Оставалось только курить одну за одной, до отвращения, до мерзкого кашля, до боли в легких…

За дверью грохочет музыка, тело объято приятным теплом, взгляд перестал фокусироваться. Но резкий порыв холодного ветра заставляет мгновенно трезветь, голос, полный злой горечи, и ярко-голубые глаза с черной каемкой по краям, блестящие от слез.
- Ты… ты просто омерзителен… как ты можешь так поступать с ним?!
- Я поймал тебя, каналья!
Выстрел и звон разбитого стекла. Хлопок двери и шаги в коридоре, каждый звук пульсирующей болью отдается в голове. Из рук падает бокал шампанского, глаза застилают слезы и горький склизкий ком встает в горле.
В нос ударяет запах алкоголя и духов, под чужим сапогом жалобно хрустнули осколки стекла.
- Ээээй…
Кто-то стреляет по зеркалам, а кто-то плачет, в бессилии прислонившись к стене.
- Я не знаю, что я делаю…
- А я знаю… Я пью! – в подтверждение своих слов он опрокидывает бутылку дорогого вина и делает пару глотков. - И ты пей…
- Я не могу, я, кажется, напился до прозрения. Мне больно… Я говорю себе, что все это в последний раз, что больше никогда не буду обманывать его… никогда больше не уйду… но наступает ночь и я снова… не рядом. Может, ему холодно…
- У тебя нет отопления?
- Морально холодно… холодно от одиночества. Я же знаю, что он не позовет друзей и не устроит в эту ночь праздник… я знаю и всегда знал, что он плачет, оставаясь один… Он плачет каждую ночь, и я слышу это, но мне никогда не хватало сил, чтобы придти к нему и сказать, что я всегда буду рядом, что как бы далеко я не ушел, я всегда вернусь к нему… Я слишком малодушен…
Он делает еще глоток и выбрасывает пустую бутылку через плечо. Соприкоснувшись со стеной, она разлетается на осколки. Все в этом мире бьется так же легко… И осколки ранят так же сильно.

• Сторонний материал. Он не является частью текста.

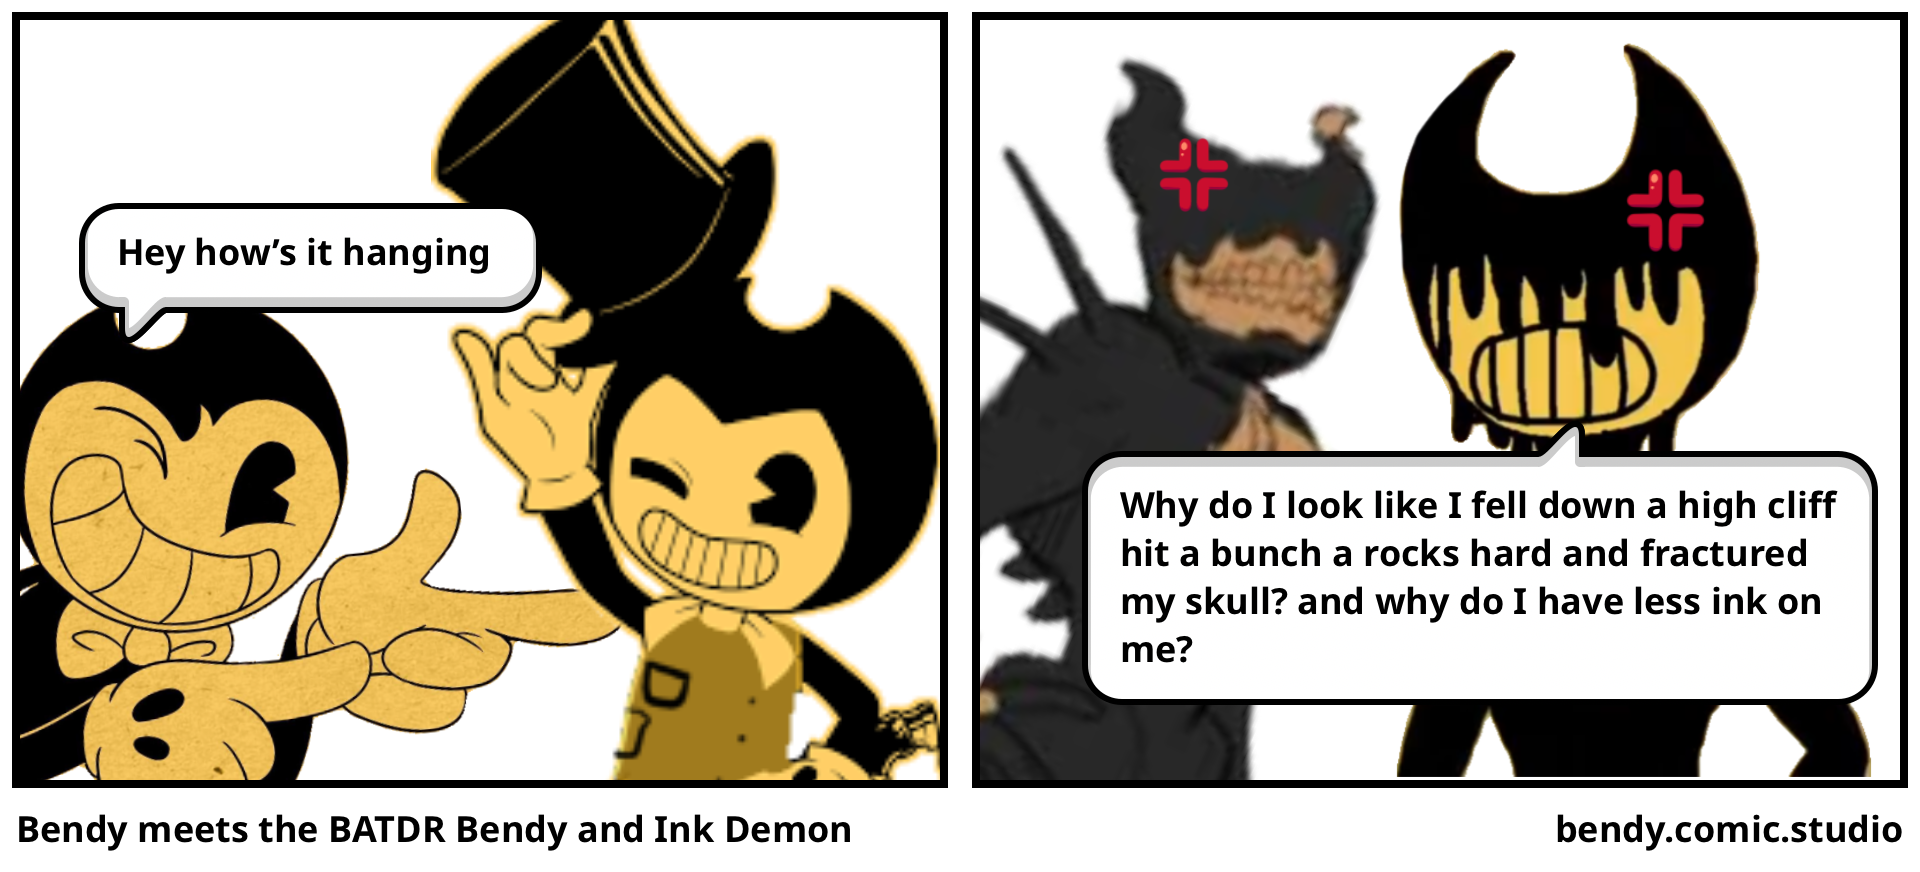 Bendy meets the BATDR Bendy and Ink Demon

- А у меня в груди все ноет. Я хочу вернуться туда, - ефрейтор кивает в сторону полуоткрытой двери, откуда льется музыка и слышен смех, - Но эти стены говорят со мной… Они говорят, что сегодня – мой единственный шанс доказать ему, как сильно…
- Сильно что?
- …сильно я люблю его… Но меня ждут там… Они хотят меня видеть, хотя слышать мой смех. А я закрываю глаза и в темноте сознание рисует его образ… Я не могу избавиться от этого наваждения…
Теплые руки сжимают его ладонь.
- Я не знаю, какой бред ты сейчас несешь, и не принимал ли ты чего еще помимо алкоголя, но…

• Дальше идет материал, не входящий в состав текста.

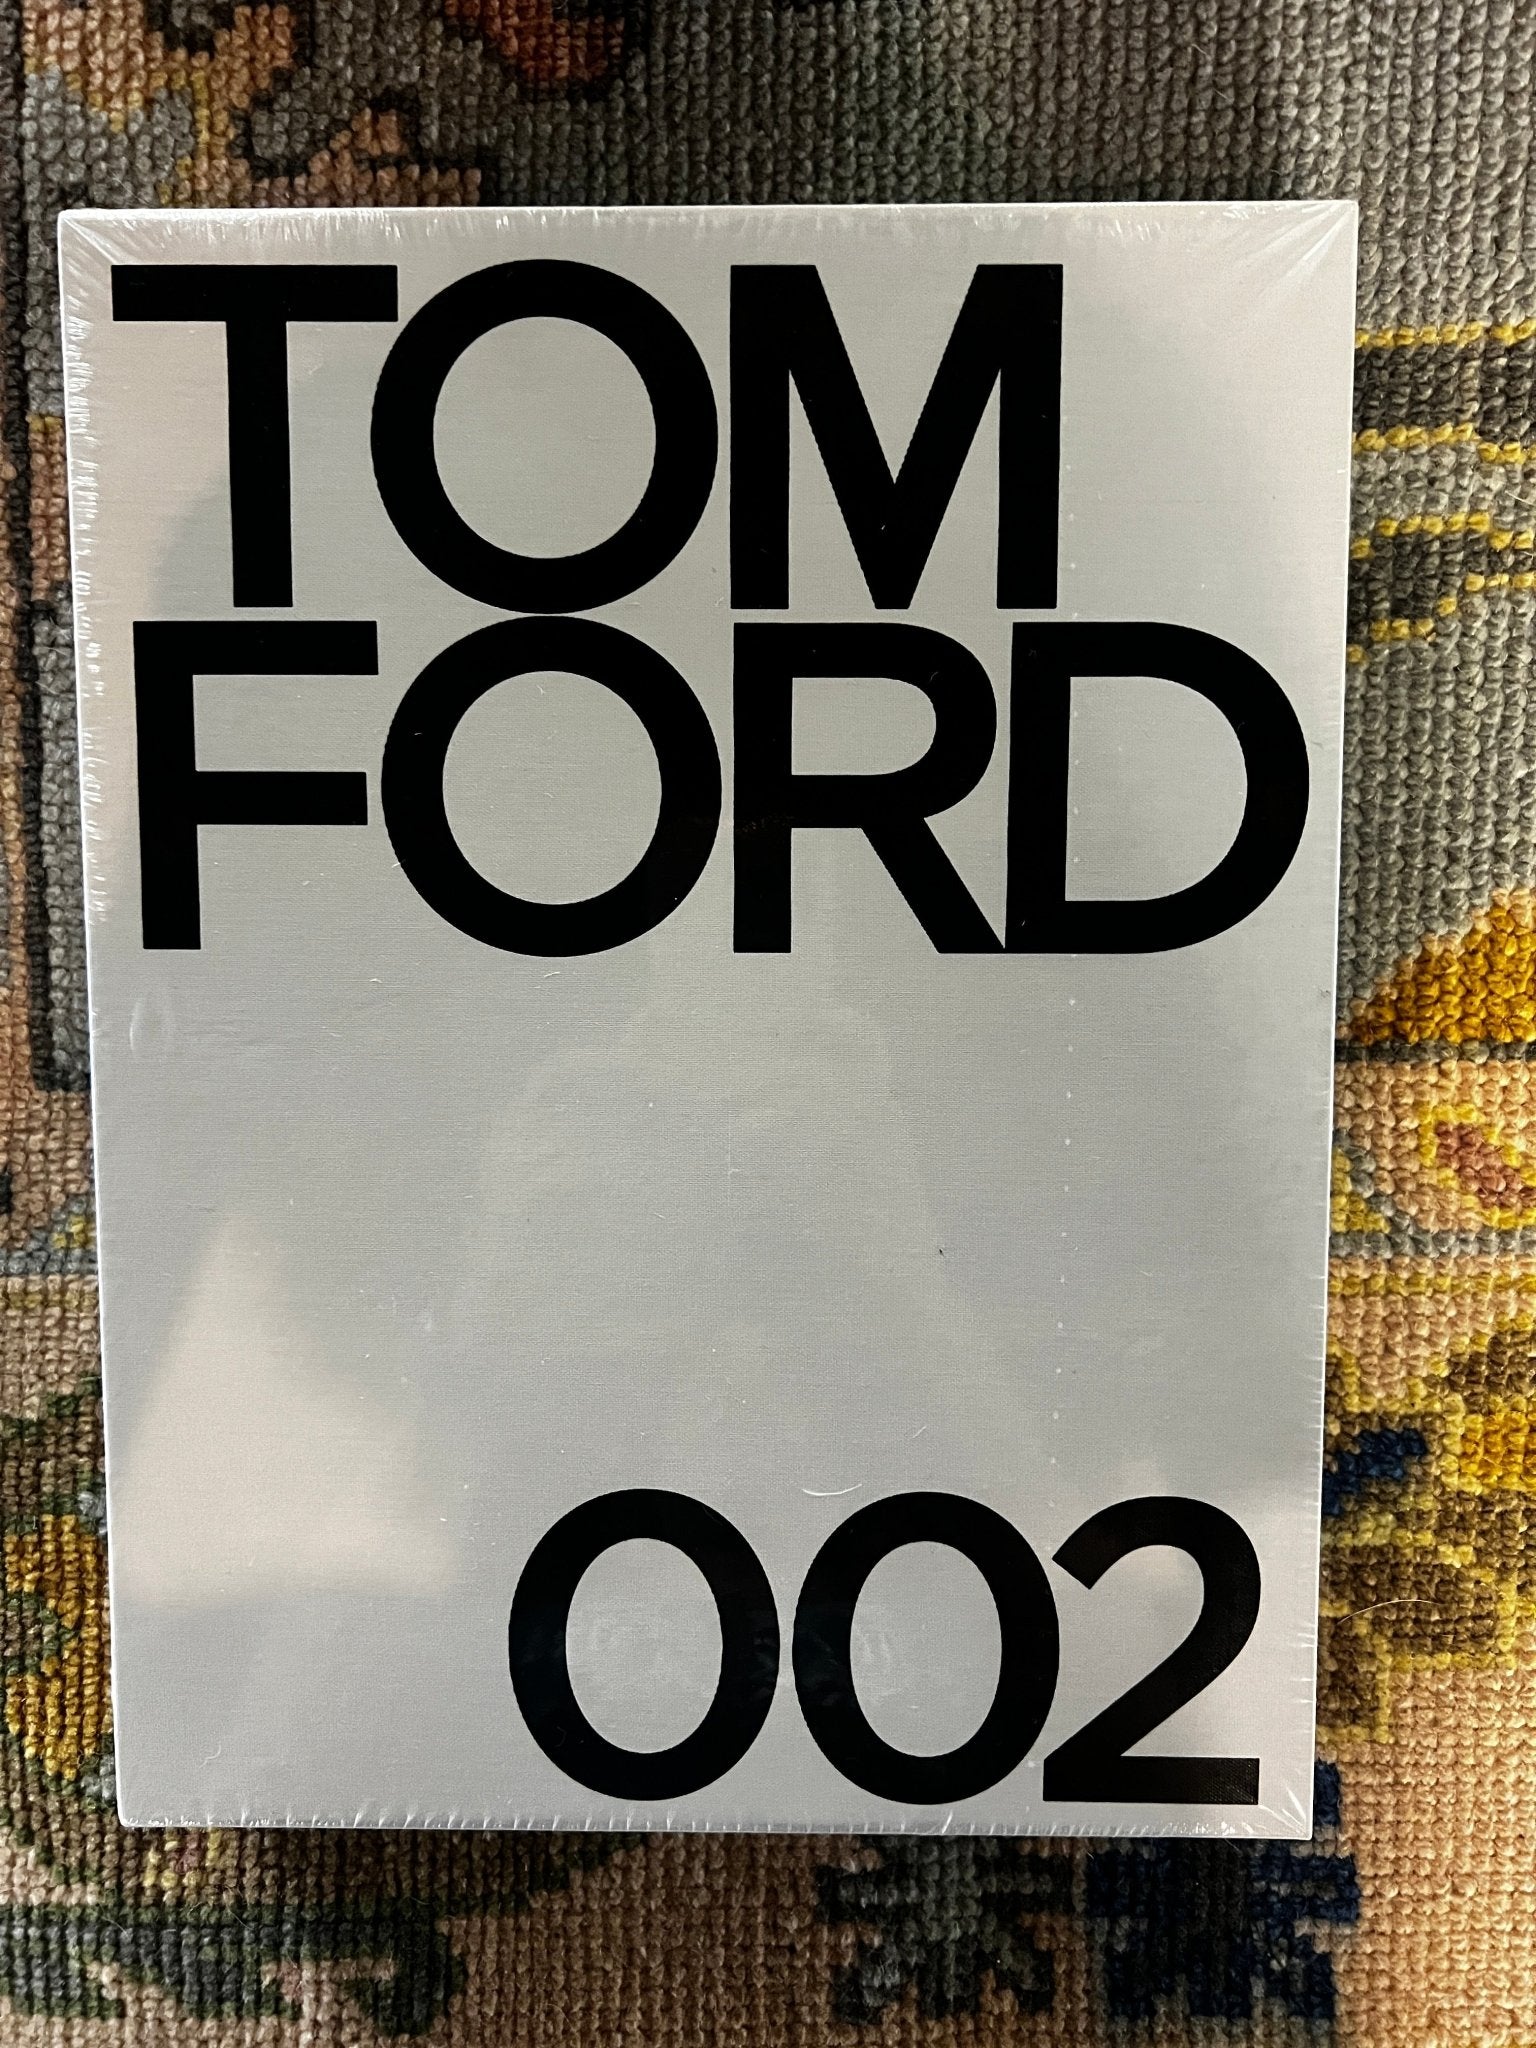 Tom Ford 002 Iconic Fashion Designer Coffee Table Book – Banana

Пальцы сплетаются, холодный металл касается кожи, и они встречаются взглядами. Серые глаза, полные пьяной жалости и длинный, кажется, не раз сломанный, нос. В этот момент можно было думать о чем угодно, начиная от вреда алкоголя и заканчивая размышлениями об окончательном решении еврейского вопроса, но ефрейтор думал только о том, что у этого человека удивительно чувственные губы.

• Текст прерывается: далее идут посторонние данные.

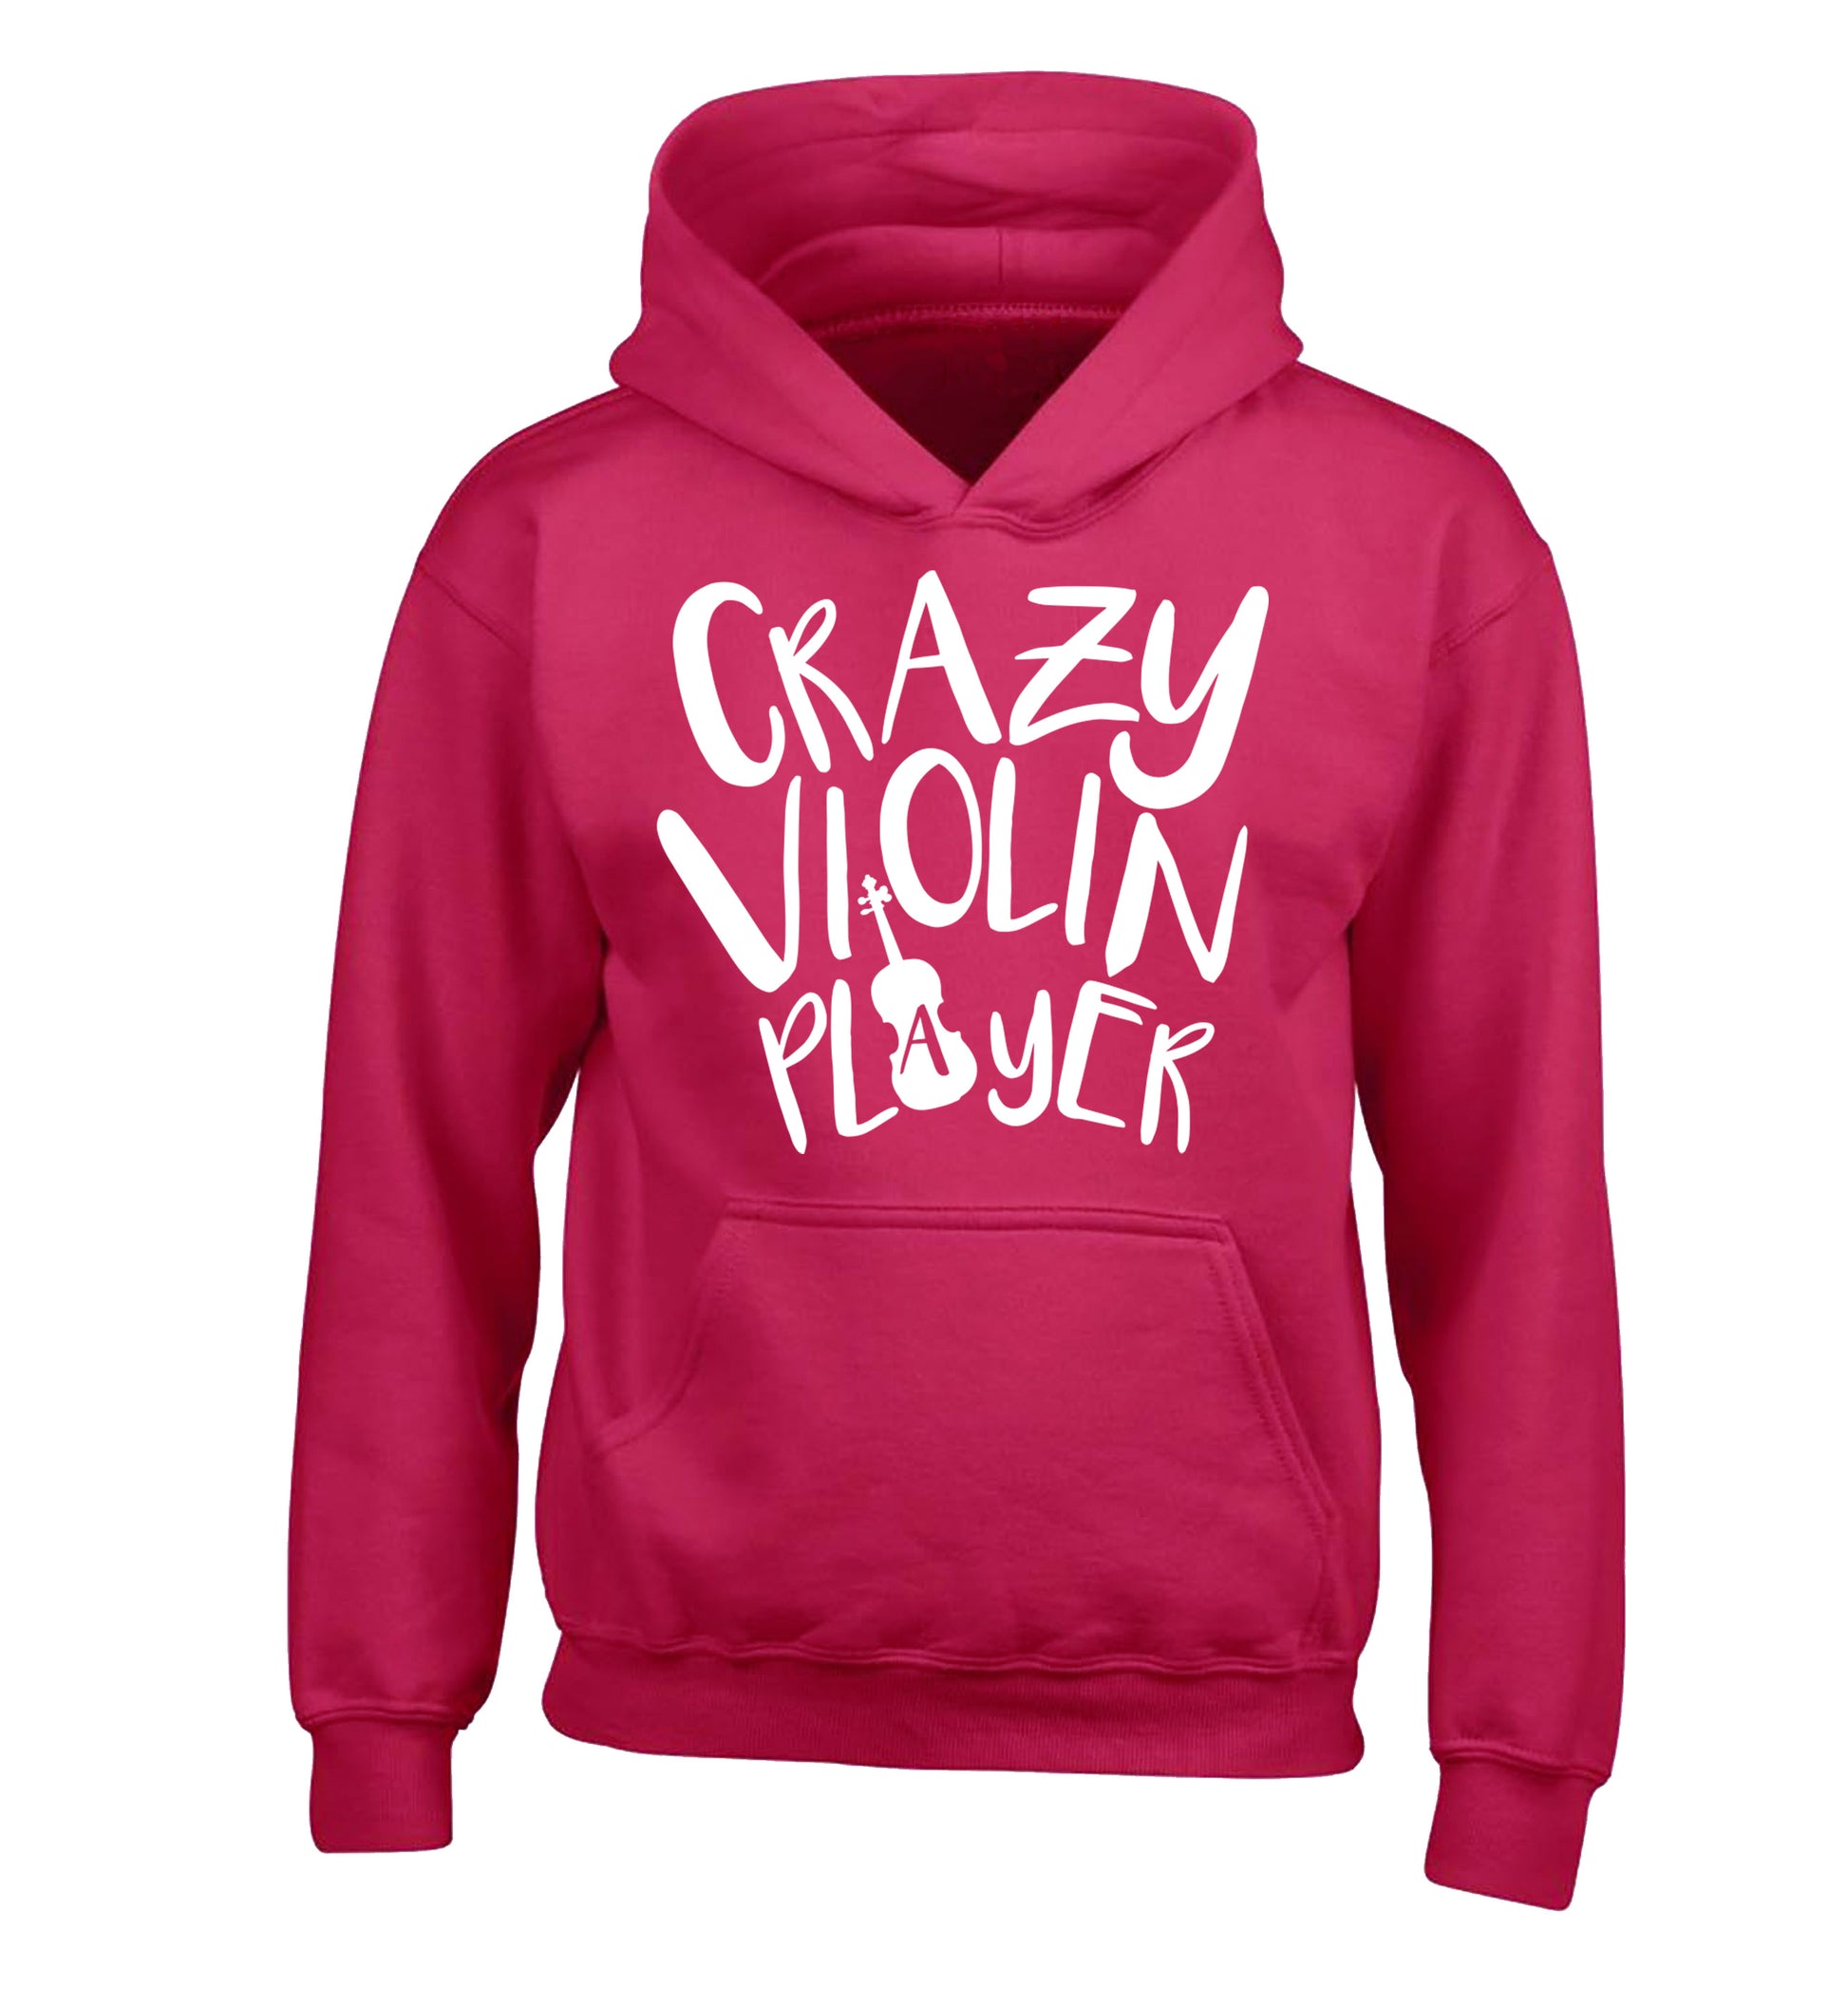 Crazy Violin Player children's pink hoodie 12-13 Years

- Черный Мерседес на заднем дворе… Я уже точно сегодня… ик… никуда не поеду…
А в пьяном бреду он находит лишь один способ выразить благодарность – слегка наклонившись, оперевшись безвольными руками на его плечи, слизнуть с губ последние остатки дорогого вина.
- Спасибо… спасибо… спасибо…
- С рождеством… придурок…

Пачка сигарет пуста. Пуста и бутылка коньяка – он оставил ее возле кровати. Сегодня он не сможет пойти к себе в комнату, поэтому остался здесь. Остался лежать на этой огромной кровати, в комнате, пропахшей сигаретами и проявителем. Чертов проявитель! Даже этот мерзкий, химический запах был ему приятен, потому что напоминал о том, кто ушел сегодня ночью. Кто даже не знает о том, что испокон веков этот праздник был семейным. Неужели эти странные люди в черной форме с рунами – его настоящая семья? А он - не семья, он просто еще один человек в этой квартире… Еще один лишний рот, который нужно кормить, потому что когда-то дал слово, что не оставит его одного. Нарушил. Ушел, хлопнул чертовой дверью.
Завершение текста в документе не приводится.